[Mirror] The Search for John Nash’s Ideal Money
NOTE: This is just a mirror of my old writing from 2018 for record-keeping purposes. 1) My current self does not consider this writing to carry useful insights, 2) I may no longer agree / believe with some of the details here, and 3) this is just poorly written.
AGAIN, you will NOT gain insights by reading this.
The adoption of the Bretton-Woods monetary system in the 1940’s led to the US dollar becoming the world’s reserve currency even to this day. Because of this, the US suffers from the Triffin dilemma where the devaluation of its domestic currency in order to make importing from the US favorable is leads to friction between international countries. An artificial devaluation could help the domestic economy in the short term but hurts the global economy in the long term.
Keynes suggested a international reserve currency named bancor, preventing countries from screwing over the global economy for short term domestic benefits. This unfortunately was not adopted, with the US dollar instead becoming the global reserve currency.
In the late 1950’s John Nash came up with the idea of “Ideal Money”, a currency without (price) inflation nor deflation. In other words, Nash’s proposal was to have a currency with a stable value as the world’s reserve currency. He saw the possibility of achieving this by creating an Industrial Consumption Price Index (ICPI), a basket of chosen commodity prices and pegging his currency to this value. International prices of commodities crucial to industrial production such as base metals would be converted to an index using a method identical to the widely used Consumer Price Index.
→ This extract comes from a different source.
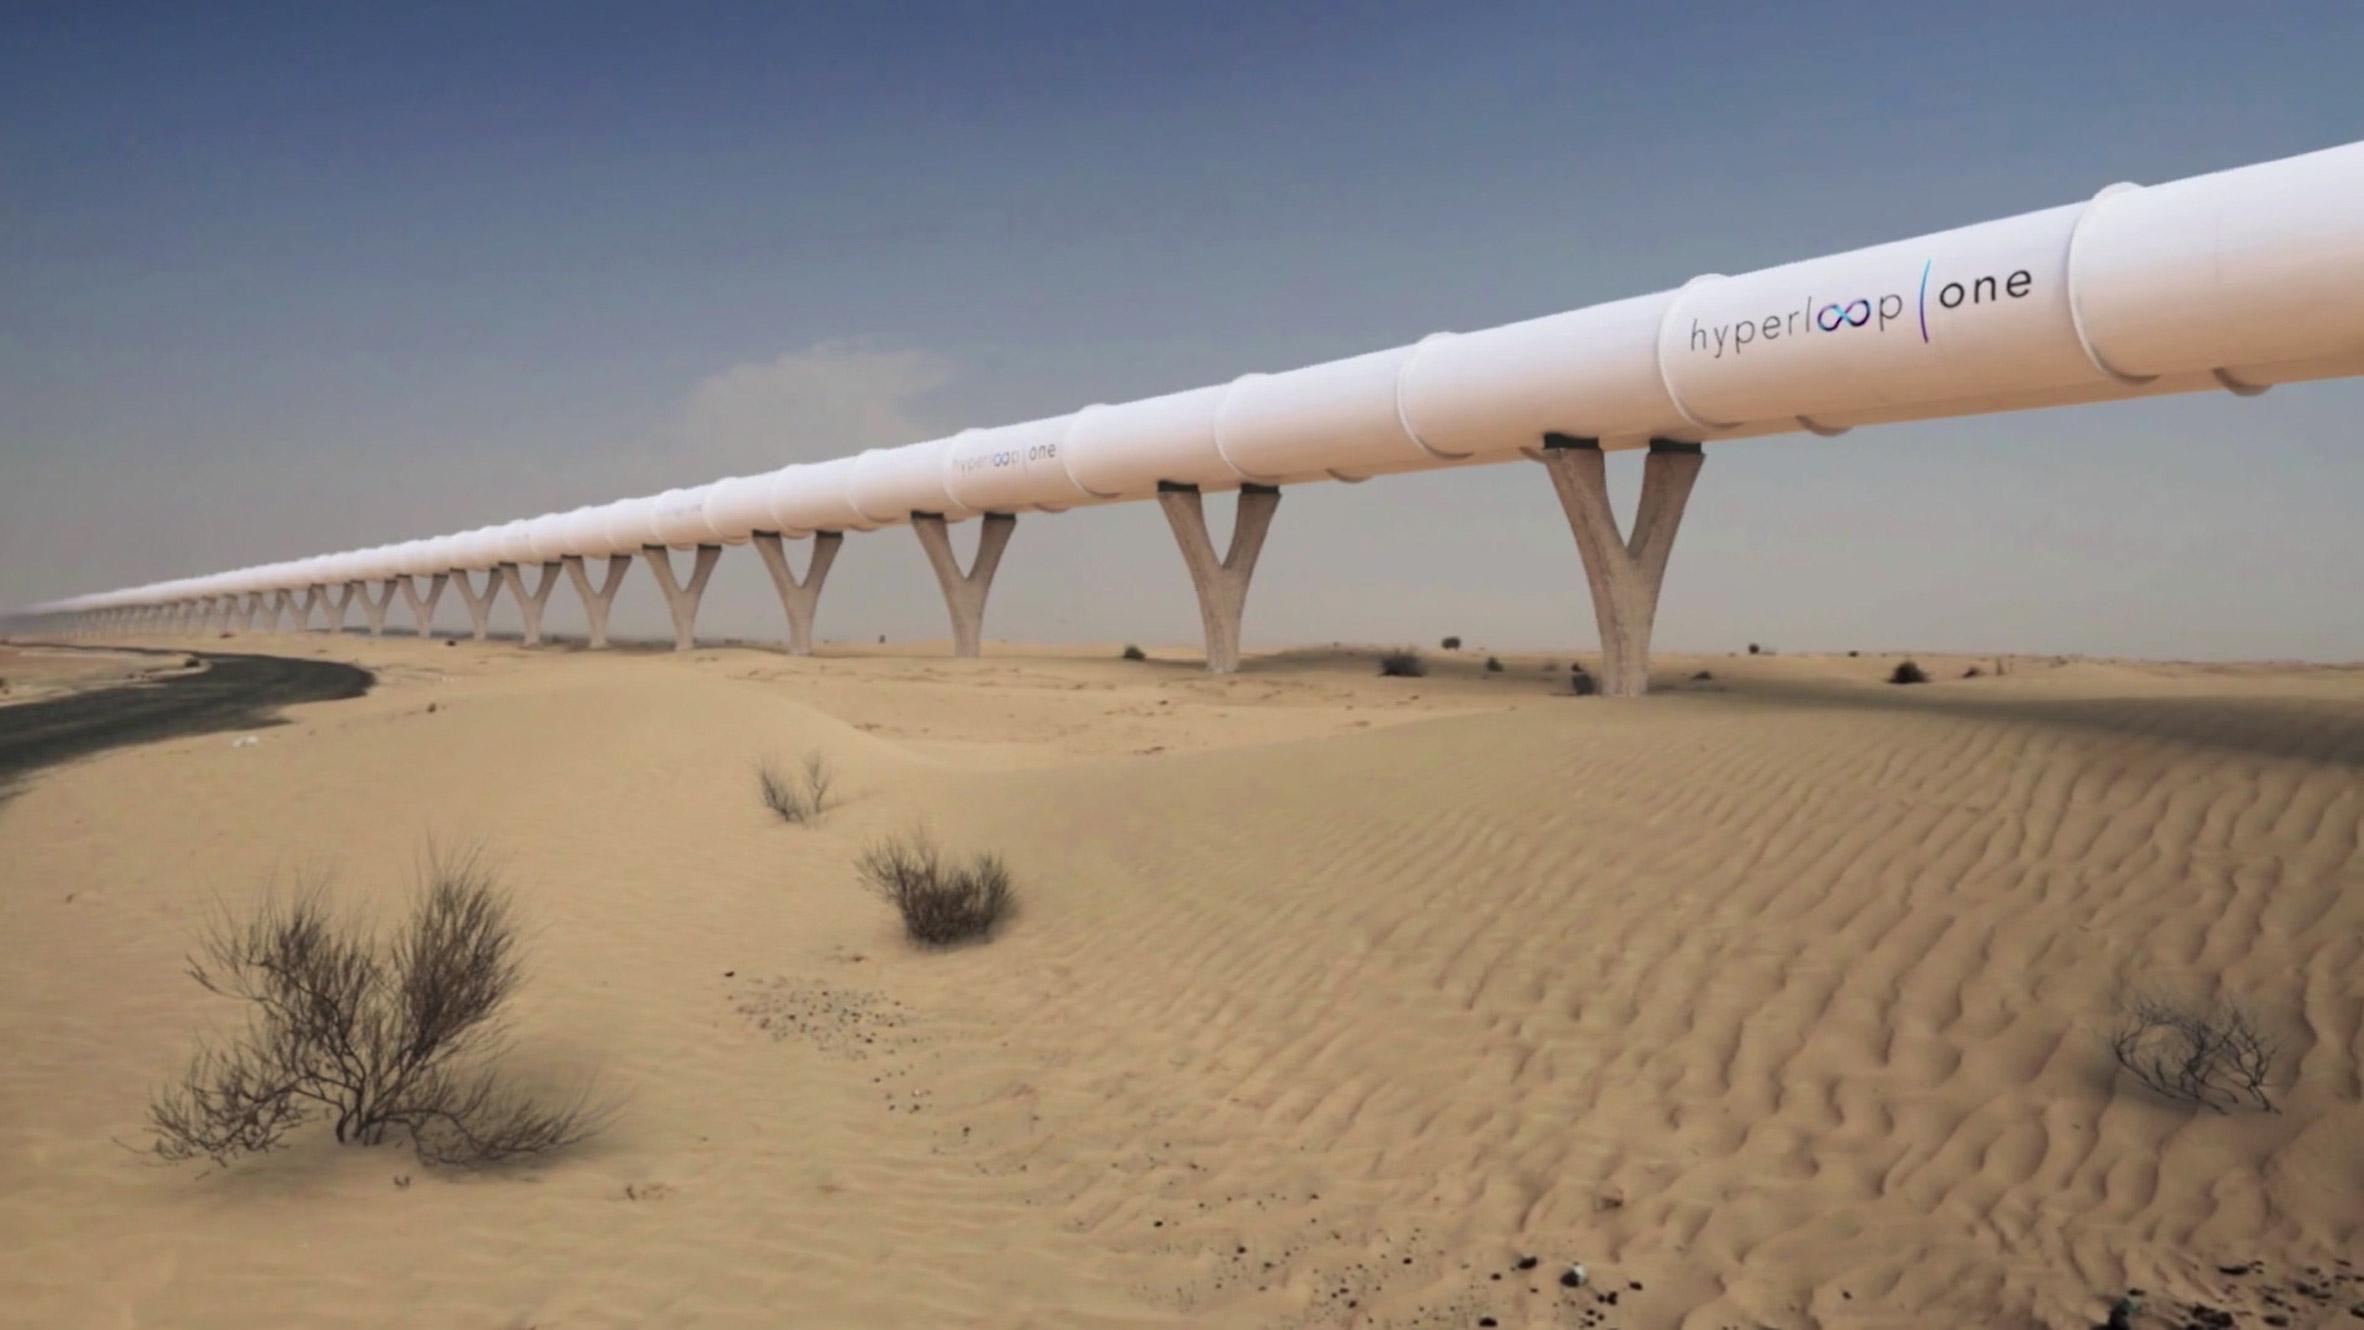 hyperloop-one-big-architects-bjarke-ingels-architecture-design-news-dubai-united-arab-emirates_dezeen_2364_col_1
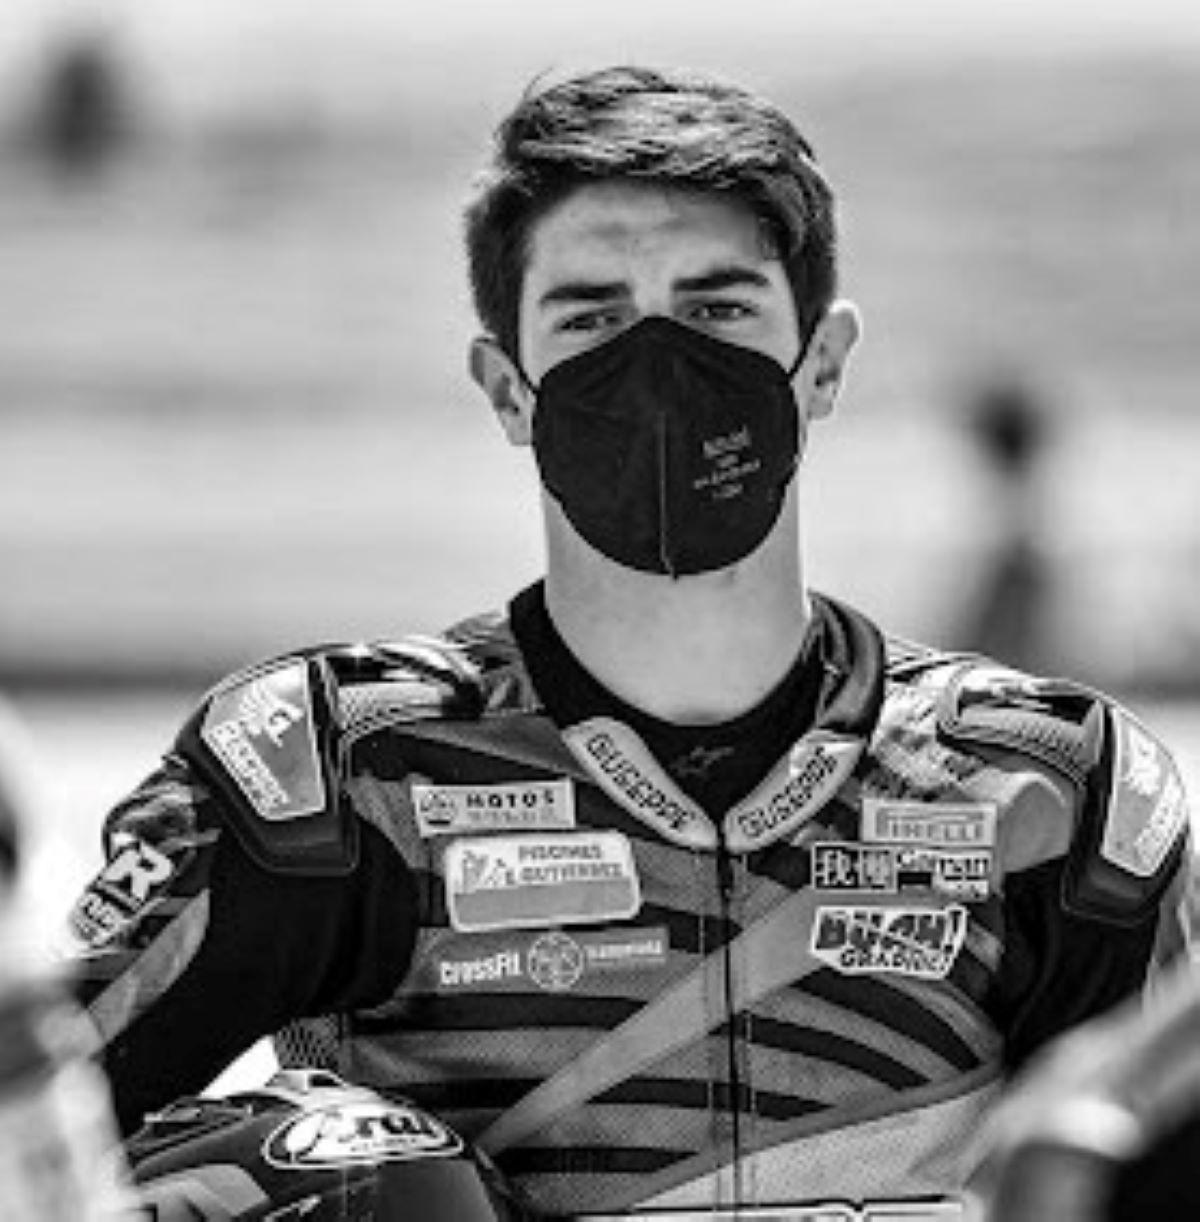 Lutto Motociclismo Morto Dean Berta Vinales Incidente Jerez

If the Keynesian view of wage stickiness is correct, Ideal Money might have an another great advantage. From a Keynesian standpoint, price inflation lags behind monetary inflation and wage increase lags behind price inflation. The result is that the wage will always lag behind price increases, therefore leading to overall market inefficiencies. A wage that don’t follow supply-demand equilibrium (being paid less than the ideal market value of a specific labour) leaves workers to spends less than their work value, decreasing the maximum possible increase in productivity. A lagging wage increase could also lead to constant social tensions, workers demanding wage increases in response to a higher cost of living.
Eliminating price inflation removes the fundamental reason behind lagging wages, thus resulting in higher overall productivity and a decrease in social tensions.